作成日: 18/09/06  
修正日: 18/09/06  

一斉にぶっ壊れてるの

手だてはあるはず


9月6日早朝3時過ぎ、北海道で大地震が起こりました。テレビではNHKが
一日中報道しています。民放はニュースバラエティーみたいな狭間で
報道ヘリや現地からの中継をインサートしていますが、局によっては
バラエティや時代劇になってるってことは、つまり「首都圏じゃないので」と
報道、放送をし続けているってことですよね?心が揺れる揺れる。

関空での8000人にも及びかねない「閉じ込め」は、空港敷地内に
唯一の連絡橋に、タンカーがぶつかるという、「インフラ同士がお互いの
凶器」となって、「破壊」に至ったもの。
結果「いつも通り」に来ていた人たちが、停電して、機能しなくなった施設内で
雑魚寝して、並ばされて、エアコンの切れた中で「黙って耐える」以外を
させない「静かな強制」に服している。関空側もなにが起こっているかを
場内にアナウンスせず、Wi-Fiの切れた施設内でかろうじてのインフラである
スマホやケータイで確認を試みた人も、なしのつぶてで「『何もわかならない』
ことだけが思い知らされる」事態になった。

連絡橋の破損から、島に車で来ていた人たちは「車に乗って帰る」ことを
希望したところで、「緊急車両が優先」という、漠然とした「正しそうなもの」に
翻弄されている気持ちにさせられるだろう。

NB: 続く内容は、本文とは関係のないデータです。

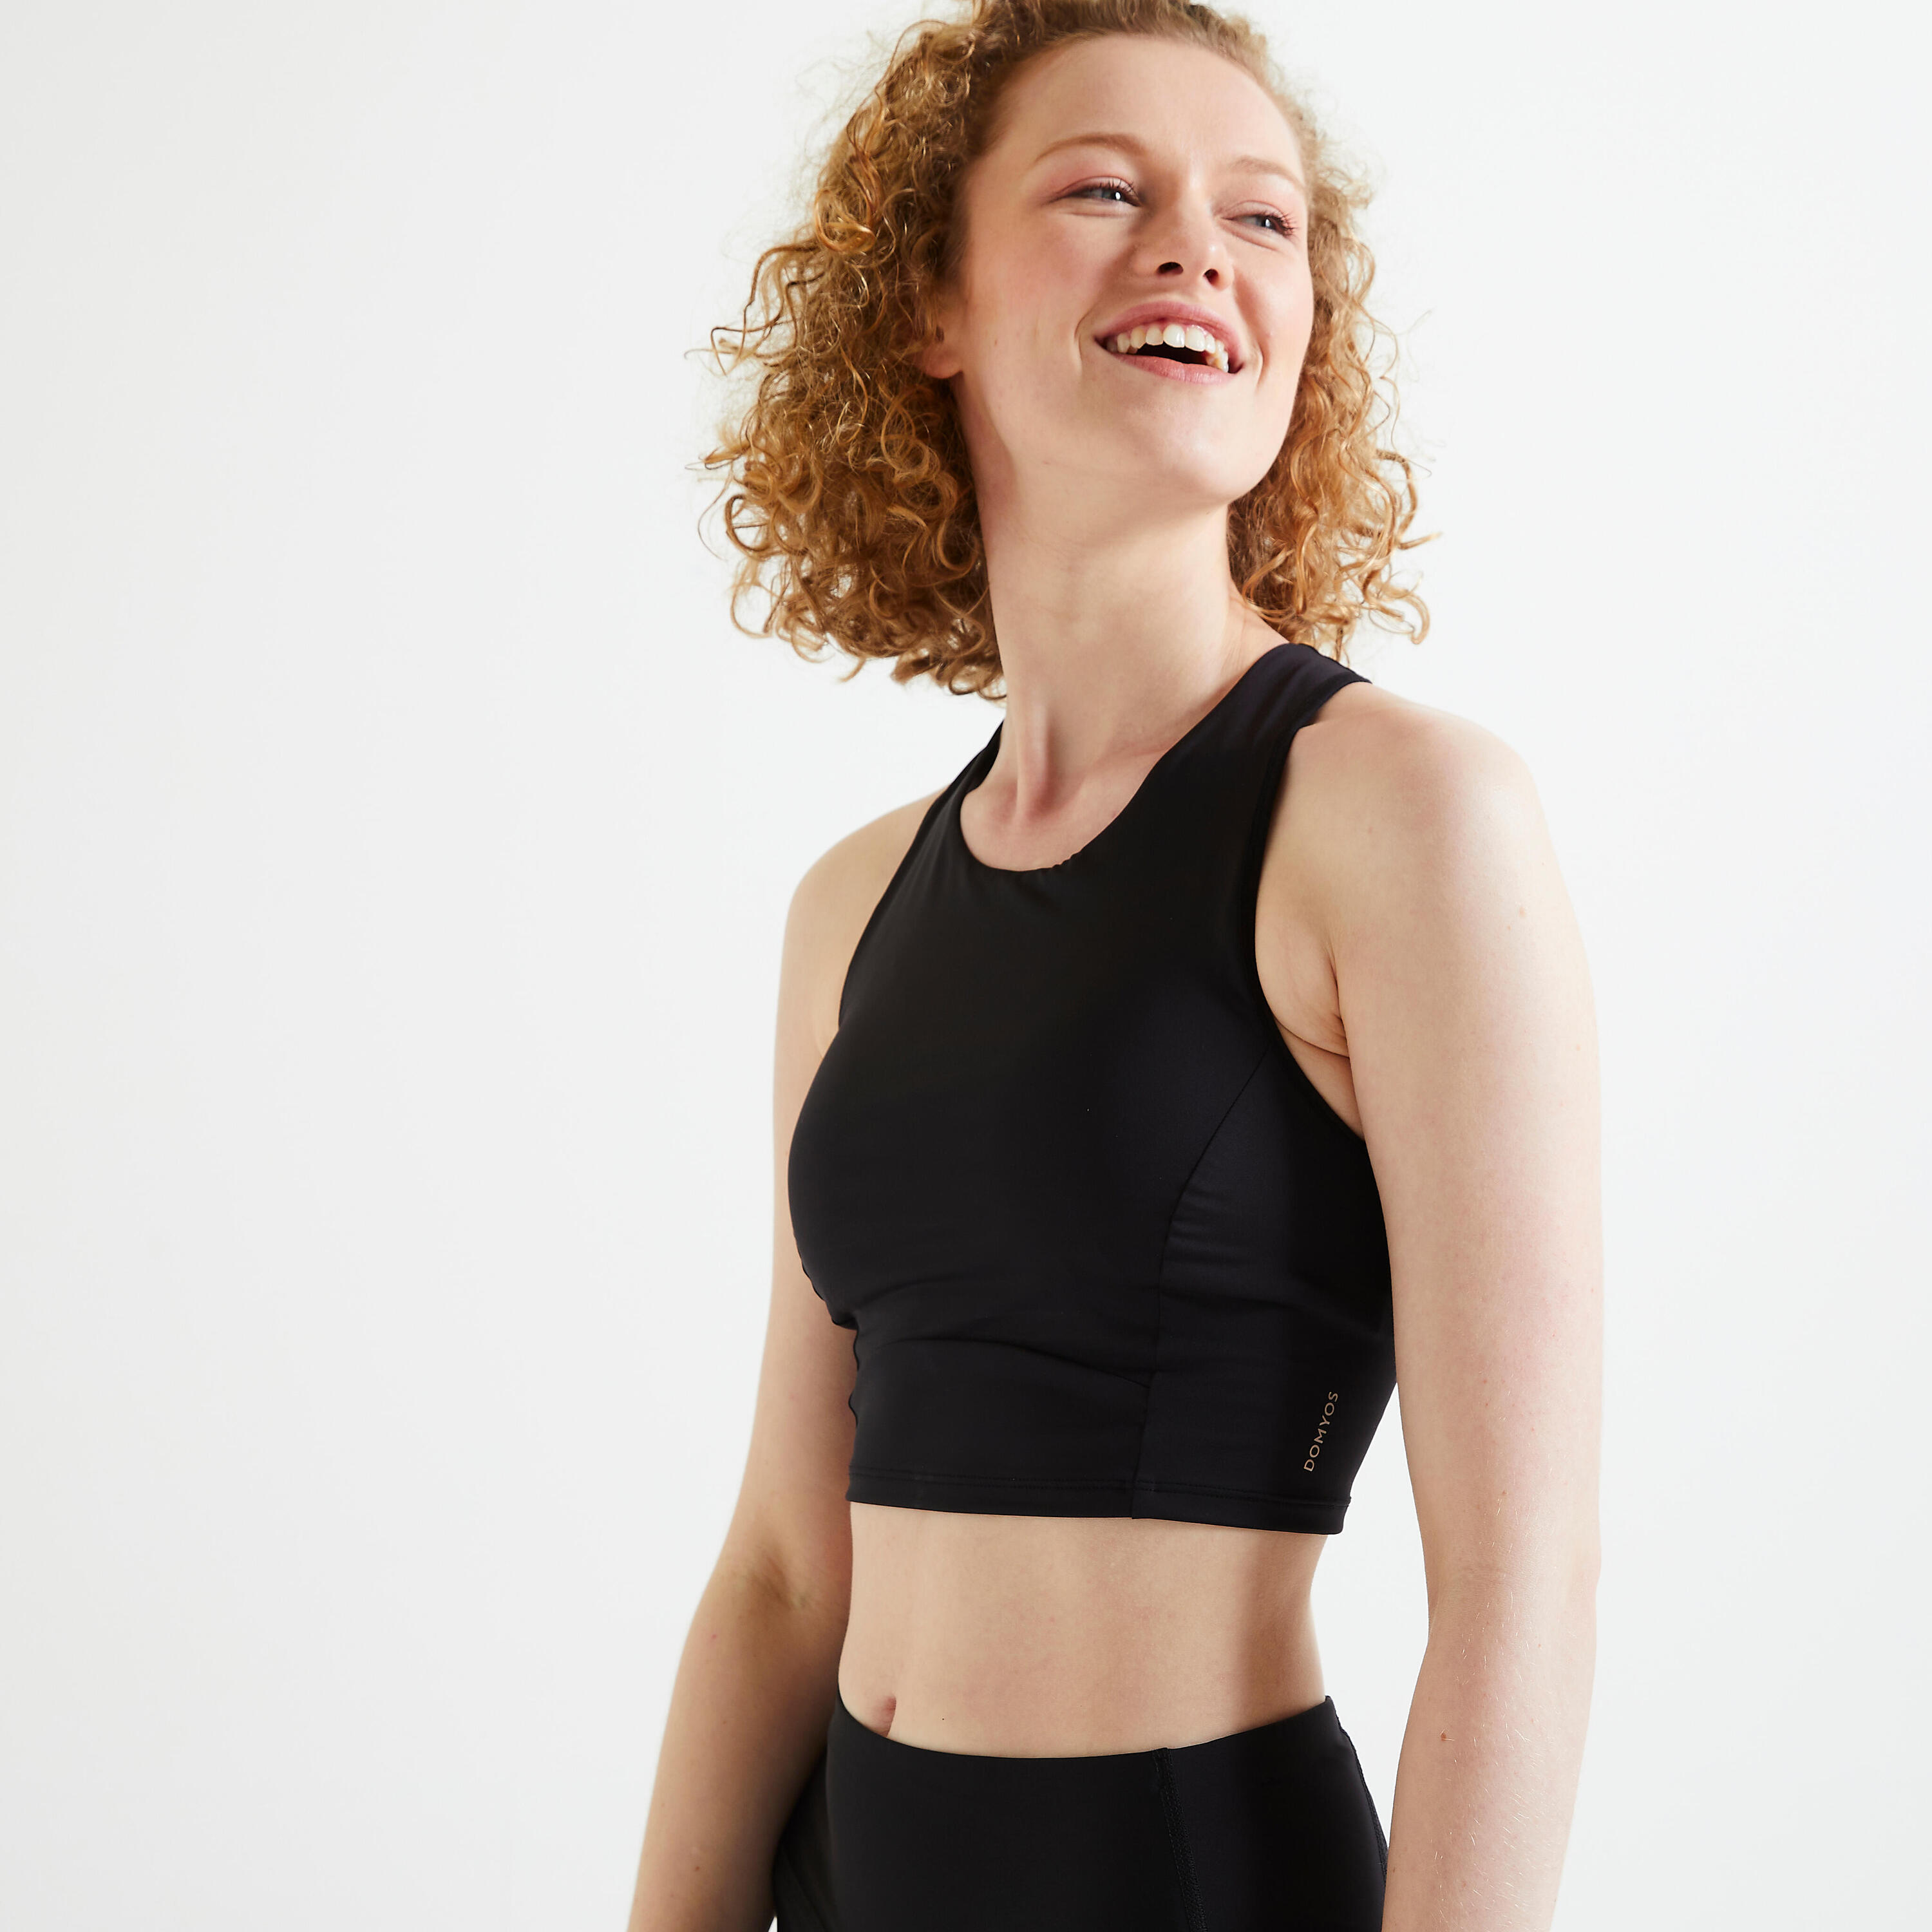 Refurbished Moderate Support Cropped Fitness Sports Bra 540 - A Grade 1/7

ピンチの時にこそ起こっている事態の
アナウンスが最優先に実行されるべきだが、日本のそれは残念ながら先進国の
それではない。流され、堆積してしまった自動車は、バッテリーを海水に
水没させてショートが起き、発火。ダマになった車両の山がまるまる一斉に
火災となった。

天災だから、誰それが悪いとは言わないにしても、「起こったこと」に対する
事後処理の際立つ始末の悪さ、準備のなさは目に余る。今の日本は「関空」
「新千歳」という二つの空港を失っている。国際便が名古屋などに振り分けられたと
しても「どうなってんだこの国は?」と憤るのではないか。政府は天災に
責任なんかとらないだろう。これよりもうんと小さな省庁を巻き込んだ
不祥事にすら、責任をとらなかった政府なのだと、多くの人は分かってる。
だからものすごくたくさんの人たちは強い気通りを覚えて蓄えている。

こうしたことからも感じ、ずっと思ってたことだけど、「ピンチとなった
個人にあまり優しいとは言えない」態度を国に感じてしまう。ボランティアや
人の善意はたしかにある。けど税金とられてる分だけのリターンが
いざという時に「機能してる」と感じられずにいる。「なんとかしなくちゃ」と
いう個人に起因するものしか、動いてるようにみえないのです。

今年に入って、何度天災がこの国を、世界を襲っていることか。
その数は年々増えることは想像できる。

美徳みたいに「黙って並ぶ」ことはよく報じられているけれど、並んでる
当人たちはハラワタが煮えくり返るくらいに、嫌々強制されていると
感じてる。どこか「シノゴノ言うなよ」という脅迫観念を覚える。
これに至る前に、もしくはその軽減に備えるべきなのは、個々人ではなく
公の機関の仕事じゃないんだろうか。

天災なのだ。天災という規模に対して「個人の責任」で対するのは任意で
あるけど、インフラの破損、同時多発的な事態に対し、公の機関の
手出しの少なさ、熱量の伝わらなさがどうにも腹立たしいのです。
「助けるから、待ってて!」という熱量も励ましも、事故直後こそ
肝心なのに、ゼロに等しかった。外国であれば民衆の暴動すら
起こりかねない状況にある。人々が「怒ってない」ように一見みえるのは
抑制の利いた態度ではあるけれど、自分の中のナニカを殺し続けてることに
鈍感にしていることは、いいことではない。自殺につながってるような
自制に、手を打たない狡猾さすら覚えてしまうのです。

お金を出して買った家や車が被災で「大きな燃えないゴミ」になることを
ずっと目の当たりにしてる世代たちに、テレビやネットは「もっと買え」
「もっと若返ろう」と喧伝しております。手を打たないでおいて、
そりゃないぜ、馬鹿になれって?と言われてる気にすらなります。
タンカーとか連絡橋とか、道路とかビルとか、インフラすらぶっ壊れて
巨大なごみになってるんです。「一斉に壊れる」ことが起こってるのを
メディア通じてみてる時代なんです。「一斉に駄目になった」を毎日
見てるんです。繰り返し。じゃあ、本当にしてほしいことはなにか?は
明白だというのに。

「電気も水も住まうところも、突然失われる」を念頭に過ごすことを
明に暗に強いられている。それはきっと世界のどこに住んでても
これを味わう時代に入っている。では強化すべきインフラってどっちの
方向のなにであるか?はもっとサバイバルな方ではないのかしら。